Contacter le Équipe de fabrication des contacteurs à vide XBRELE pour obtenir des fiches techniques de coordination, des courbes caractéristiques de courant temporel ou une assistance technique spécifique à l'application.
Q : Que se passe-t-il si je choisis un fusible dont la valeur nominale est supérieure à la résistance thermique du contacteur à vide ?
R : Il se peut que le fusible n'élimine pas les défauts assez rapidement pour empêcher le soudage par contact - le contacteur est endommagé alors que le fusible surdimensionné reste intact, ce qui nécessite à la fois le remplacement du contacteur et une enquête sur les causes profondes.
Q : Comment vérifier la coordination entre le relais et le contacteur lors de la mise en service ?
R : Injecter un courant secondaire dans le relais à l'aide d'un appareil d'essai, mesurer les temps de déclenchement réels à plusieurs niveaux de courant (généralement 3×, 5× et 10×) et comparer les résultats à la courbe de dommages thermiques publiée par le contacteur.
Q : Les relais de surcharge thermique peuvent-ils protéger les contacteurs à vide contre les courts-circuits ?
R : Les surcharges non thermiques fonctionnent trop lentement pour assurer une protection contre les défauts, avec des temps de déclenchement mesurés en secondes plutôt qu'en millisecondes. Les fusibles ou les disjoncteurs doivent fournir une protection de secours contre les courts-circuits.
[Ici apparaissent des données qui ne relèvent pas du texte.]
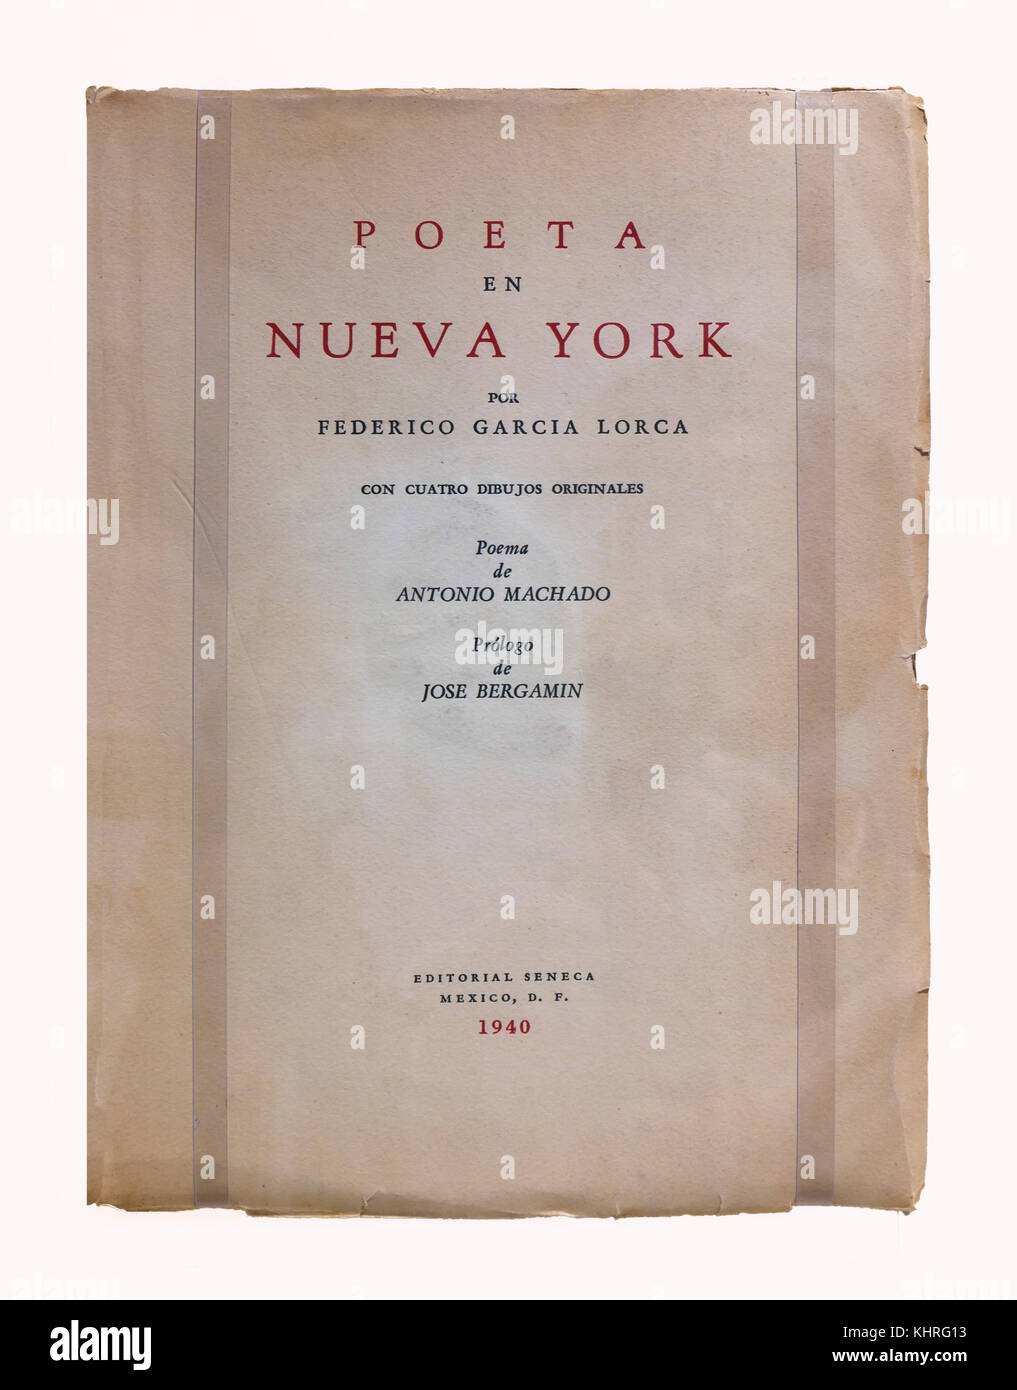 Birthplace - museum of the poet Federico Garcia Lorca, Book 'Poeta en Nueva York', Fuente Vaqueros, Granada province, Region of Andalusia, Spain, Euro Stock Photo

Q : Quelle marge de coordination dois-je maintenir entre les dispositifs de protection ?
R : La plupart des applications industrielles exigent une séparation minimale de 0,3 seconde entre les courbes temps-courant au courant de défaut maximal afin de garantir un fonctionnement sélectif dans des conditions transitoires et de tenir compte des tolérances de temporisation des relais.
Q : Pourquoi les applications de batteries de condensateurs nécessitent-elles des considérations particulières en matière de coordination ?
R : L'excitation des condensateurs produit des courants transitoires dépassant 100× le courant nominal pendant des durées inférieures à la milliseconde, et le redémarrage lors de la désexcitation crée des transitoires de tension que les schémas de protection standard ne peuvent pas traiter sans réacteurs limiteurs de courant et fusibles à action rapide.
Q : À quelle fréquence les études de coordination de la protection doivent-elles être révisées ?
R : Les études de coordination doivent être examinées à chaque fois que des modifications sont apportées au système - ajout de nouvelles charges, mise à niveau des transformateurs, recalcul des niveaux de défaut ou remplacement des dispositifs de protection - avec une vérification périodique tous les 3 à 5 ans, même en l'absence de modifications du système.
Q : Quelle documentation dois-je conserver pour la coordination de la protection ?
R : Conserver les diagrammes de coordination temps-courant montrant les courbes de tous les dispositifs, les feuilles de réglage des relais avec les valeurs de prise et de cadran temporel, les feuilles de spécification des fusibles avec les données I²t, et les enregistrements de la température ambiante et des niveaux de défaillance du système lors de la mise en service.